The old woman was holding dear in her bare bosom a large match box like a hen with her eggs. However, whatever she did couldn’t keep her match sticks dry. Every time she had to make a fire in the earthen cooking stove, she flew into a rage with damp match sticks.

The rain lasted on and on if not for eternity, and the sky with thick rain clouds wouldn’t show even a speck of the blue sky.

On such a dismal rainy day, I happened to realize my abnormal physical condition.  I first attributed my dull and feverish condition to either rain or accumulated fatigue; however, later I began to sense with apprehension that something serious was coming up.

The sores on my insteps suddenly began to hurt me with increasing pricks.  I had always thought that I was free from deterioration of light wounds; however, the pricks had begun to be more painful every minute until they stung me like a bumblebee sore.  Soon enough, the sores turned purple and then puckered.  On the third day, I found it hideously swollen to a ball 9 cm thick.

Almost simultaneously, a wart as small as a pencil tip appeared on the right inside wall of the mouth. Feeling uneasy, I prodded it with the tongue tip.  Then it suddenly swelled up twice and then thrice until it swelled up as big as a pea, with pain as though drilling a gimlet into the mouth.

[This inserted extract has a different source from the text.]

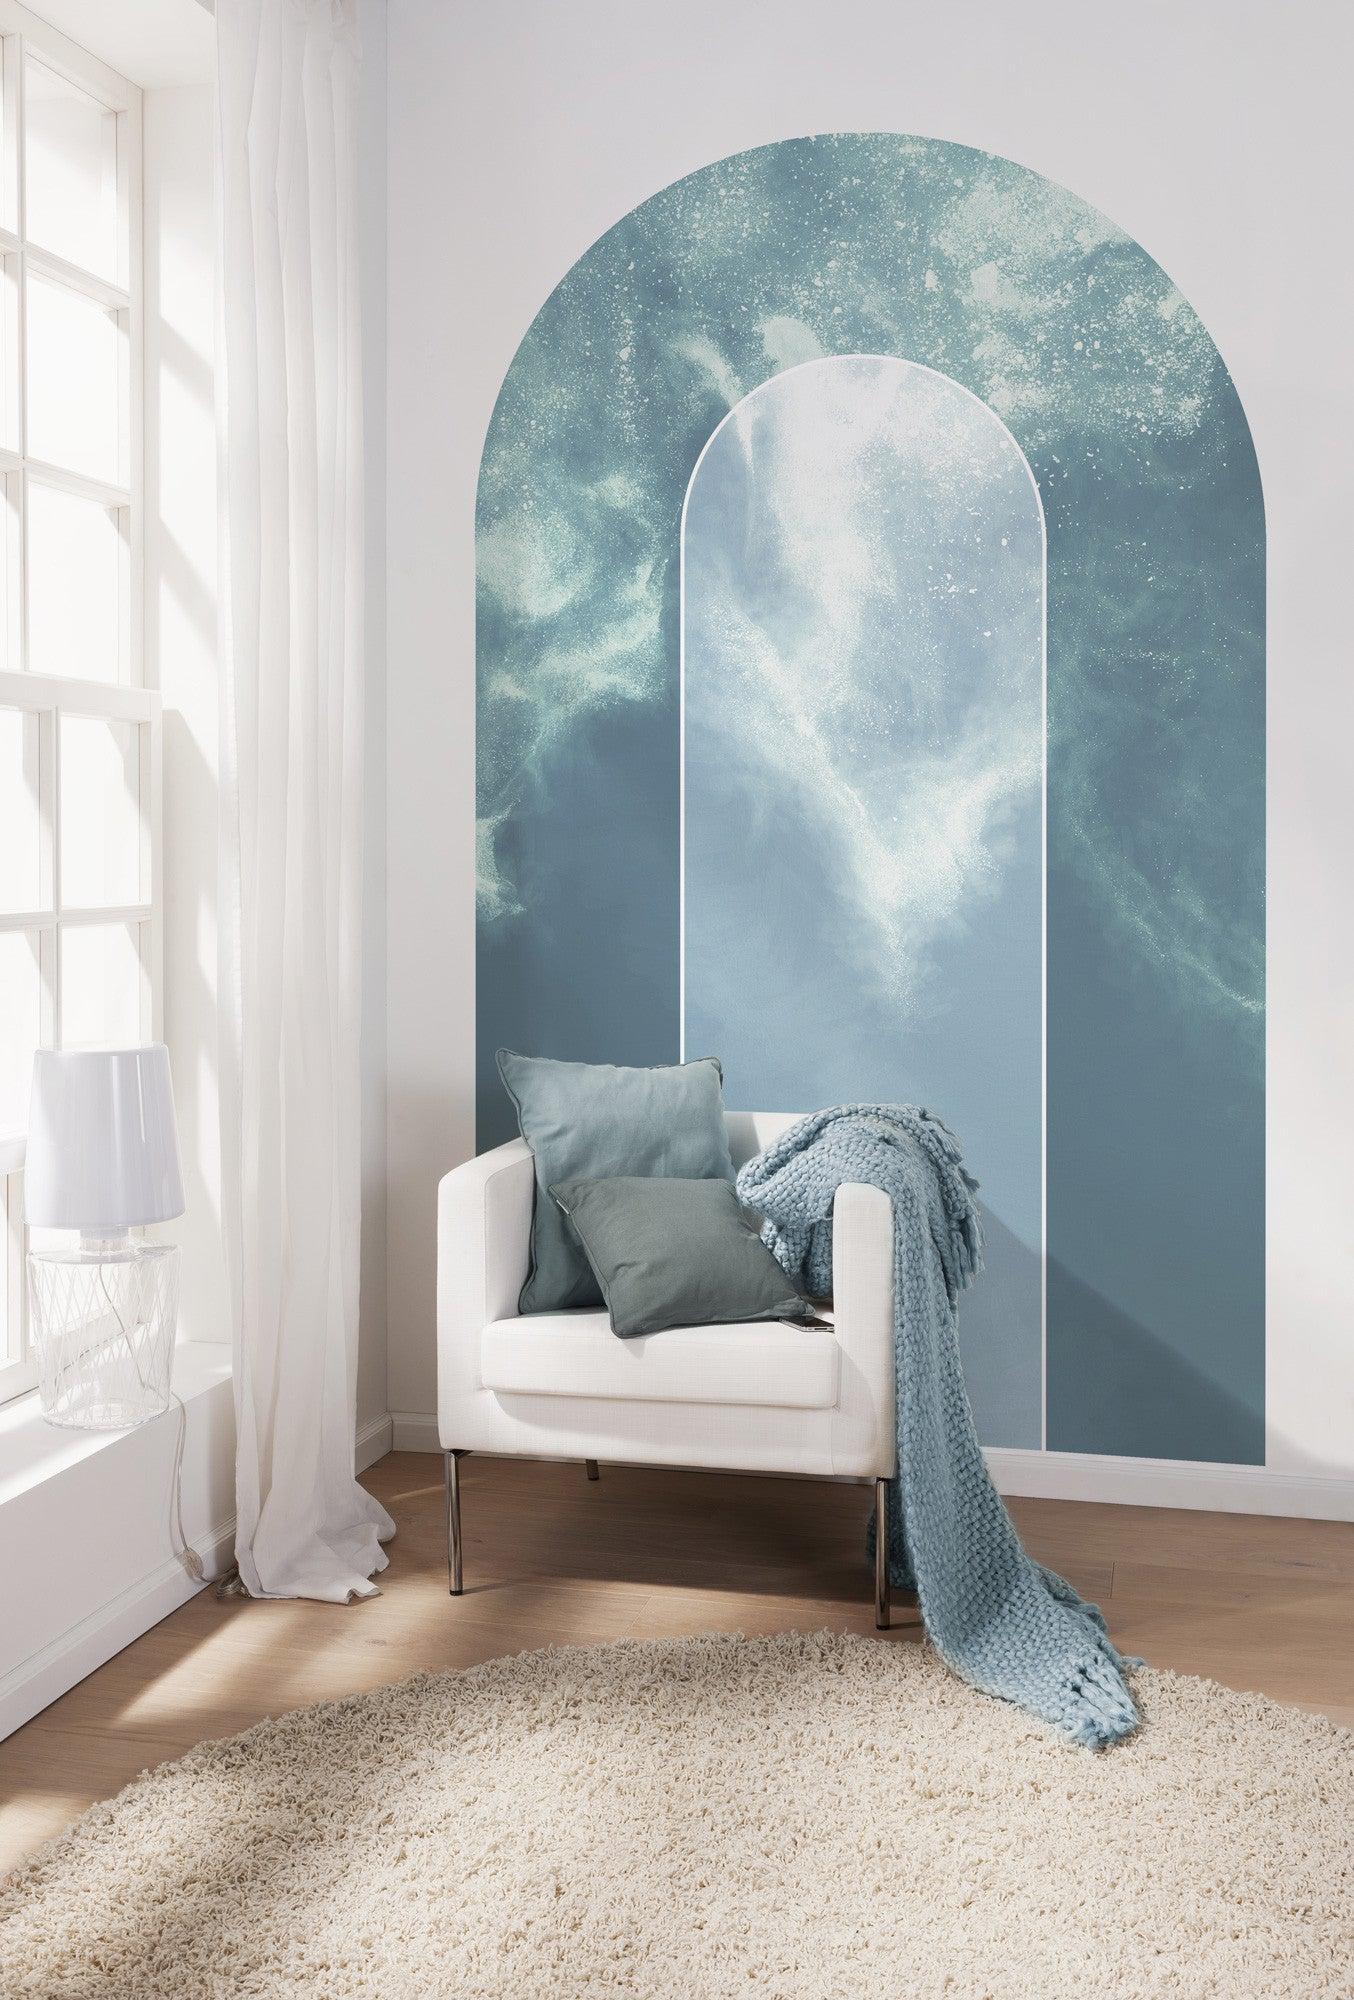 Waves in Maldives Mural Wallpaper-Wall Decor-ABSTRACT WALLPAPERS, ART WALLPAPER, ECO MURALS, MURALS, MURALS / WALLPAPERS, NON-WOVEN WALLPAPER, TROPICAL WALLPAPERS-Forest Homes-Nature inspired decor-Nature decor

Overnight my face swelled up like a football, and I could neither drink water nor move my lips.

As though my heart had moved into the foot soles and the mouth, they ached with each pulse. Listening to dismal rainfall with saliva running uncontrollably from my mouth, I was in a moldy closet, and became a prisoner of an eerie thought.

Whereupon all images of death began to recur to my mind.  Although my incorrigible inner power so far had always dominated my life, although I had felt sure, like a boy, that I was alive in spite of everything else — even if the earth and heaven would crumble, such conviction became empty and null, leaving me gradually reduced to nil while breathing and blinking.  The farmer’s wife and others treated me with unchanged good-natured indifference and kindness.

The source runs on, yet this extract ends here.